● **PROBLEM STATEMENT**: For the records below, output word for word the lines from the one with "देखें फोटो: जैन" up to and including the one with "महोत्सव सोमवार को". No pictures.

● **INFORMATION SHOWN**:
■ ■ ■ ■ ■

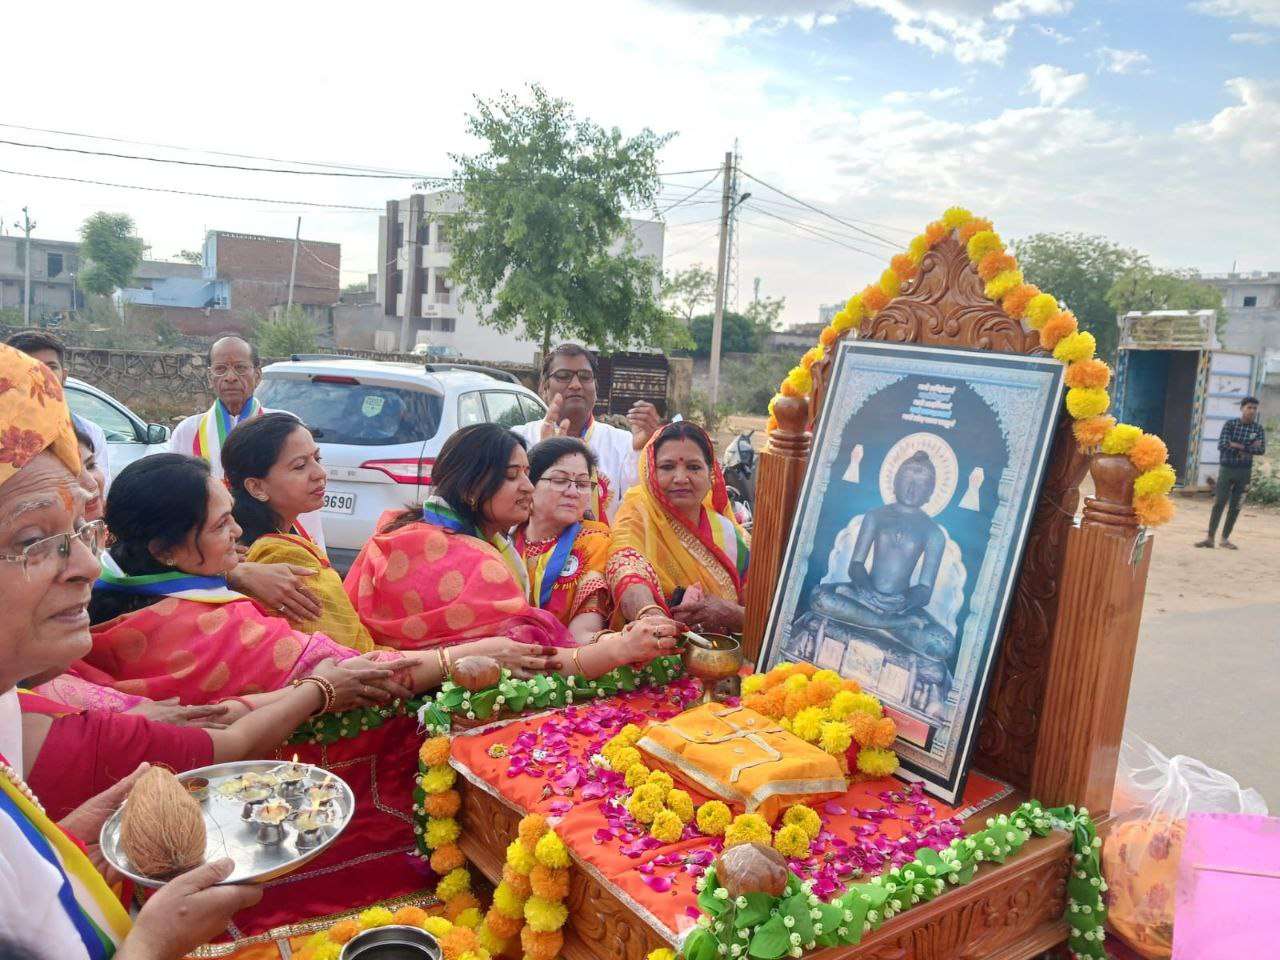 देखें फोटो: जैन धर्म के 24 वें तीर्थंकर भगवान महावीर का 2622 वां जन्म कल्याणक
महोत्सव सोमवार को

■ ■ ■ ■ ■

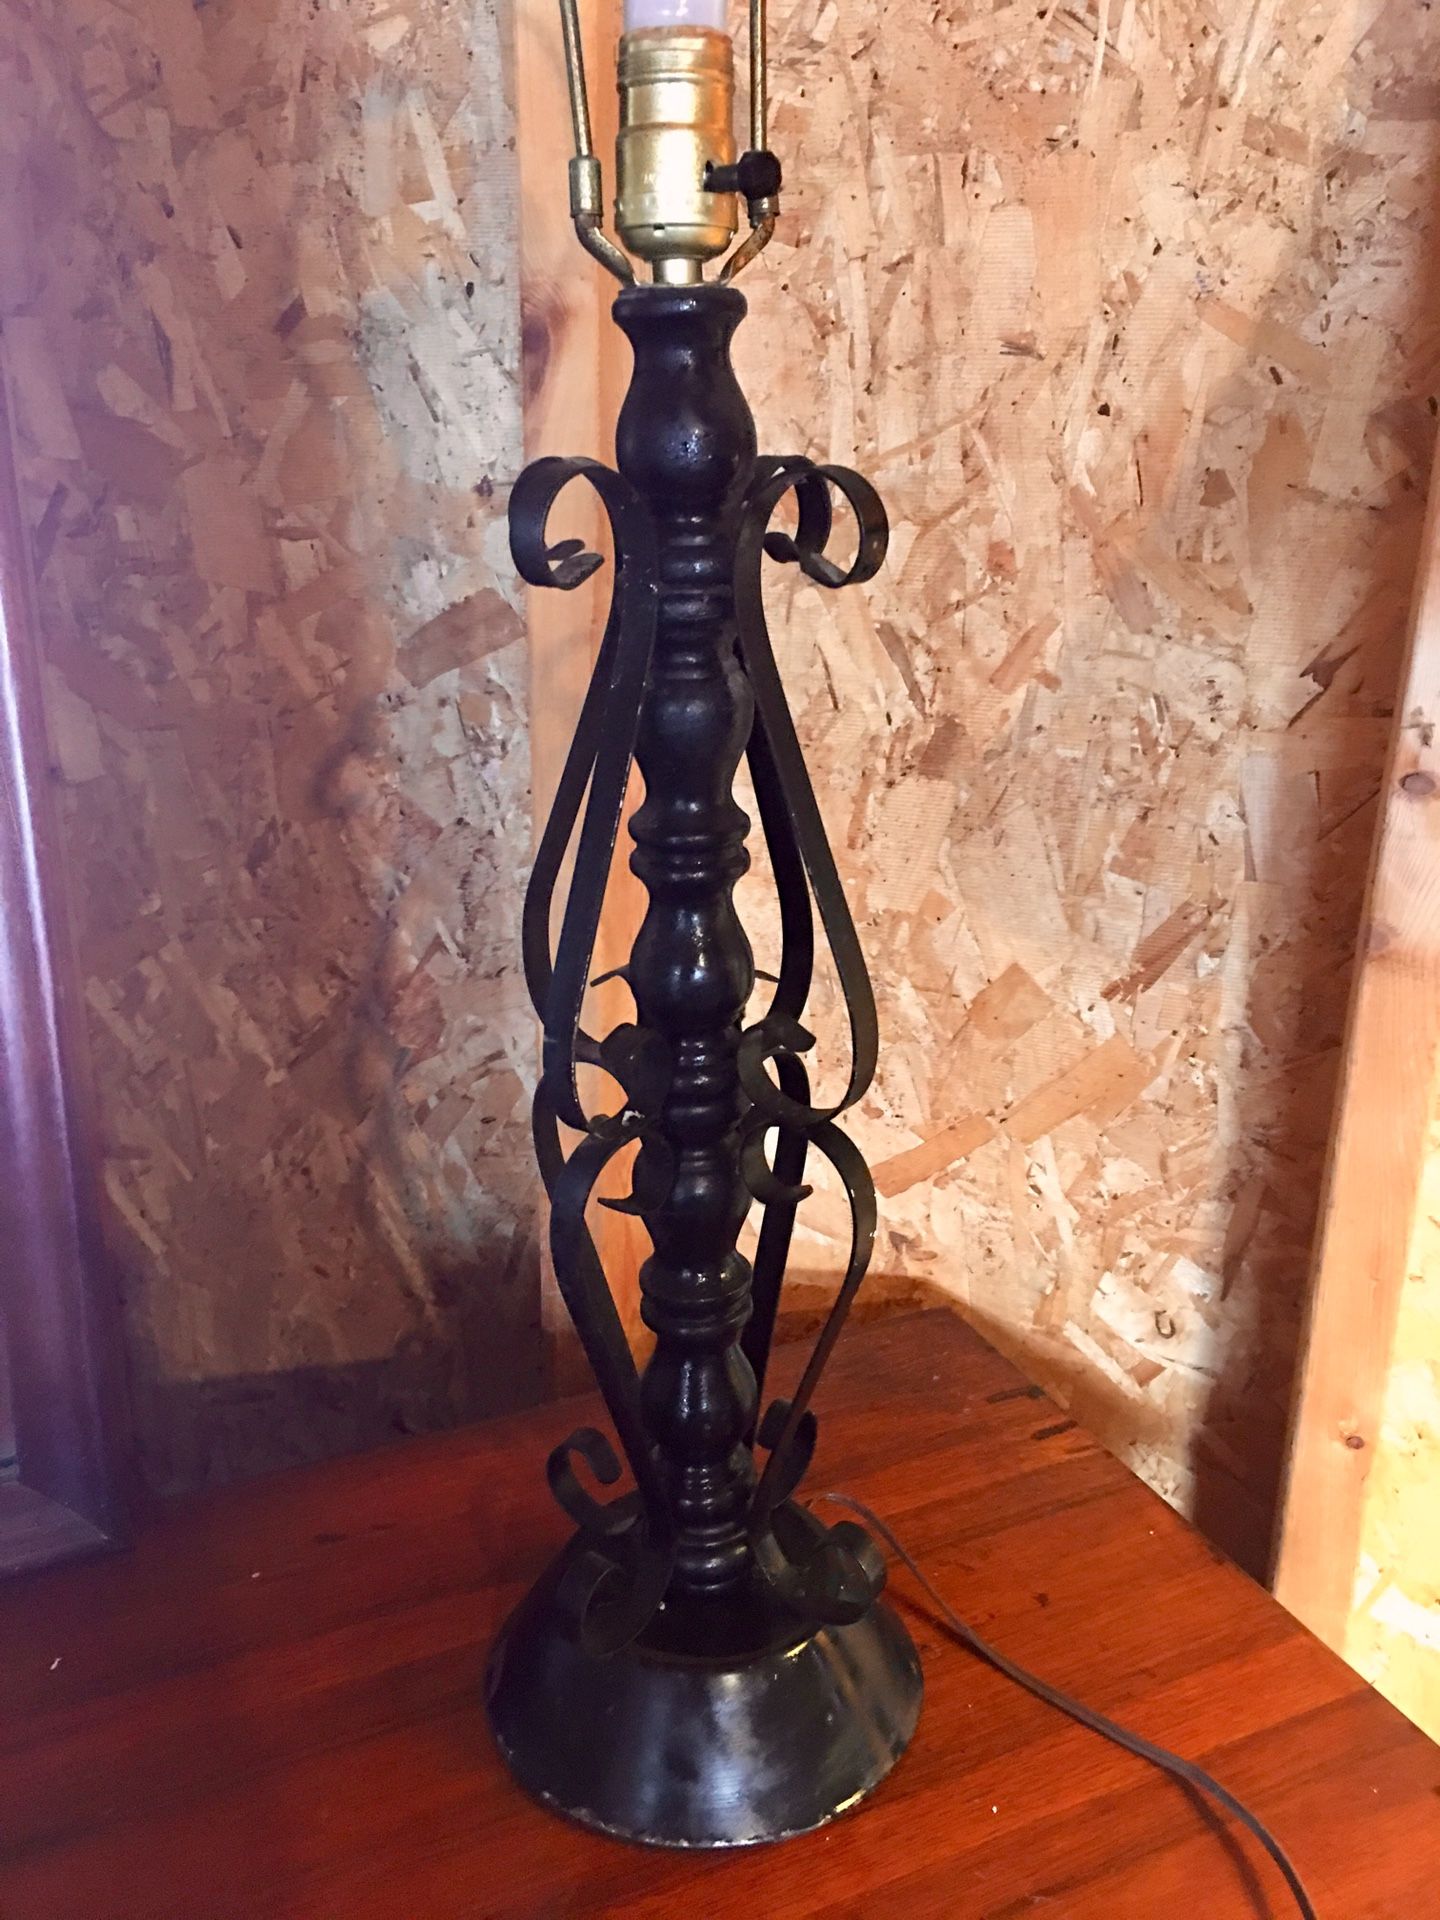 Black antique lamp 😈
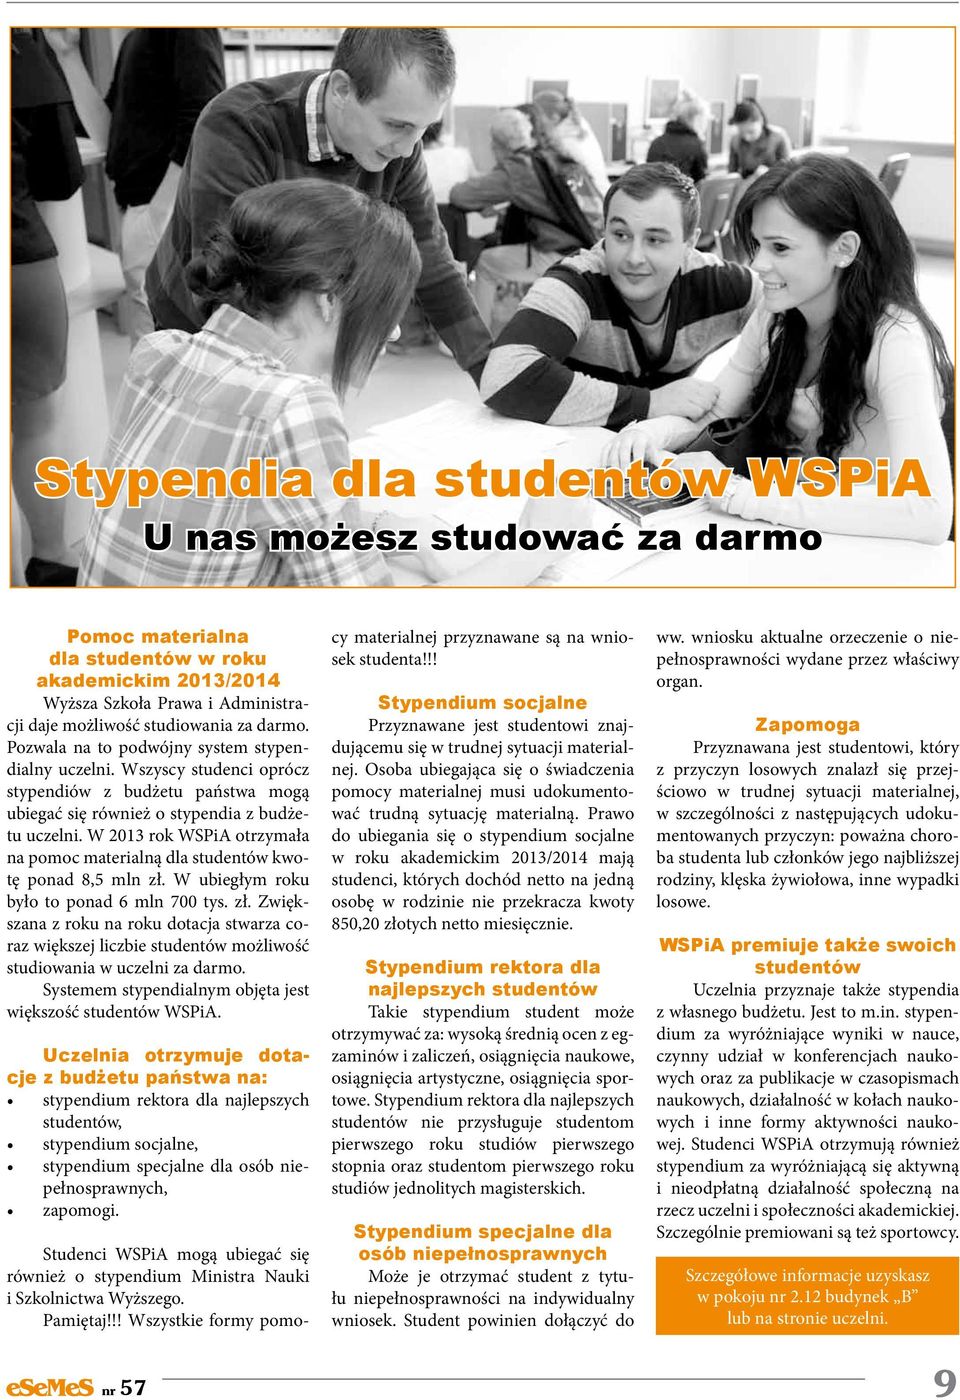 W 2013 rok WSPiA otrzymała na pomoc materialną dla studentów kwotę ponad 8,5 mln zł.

■ ■ ■ ■ ■

● **RESULT**:
 देखें फोटो: जैन धर्म के 24 वें तीर्थंकर भगवान महावीर का 2622 वां जन्म कल्याणक
महोत्सव सोमवार को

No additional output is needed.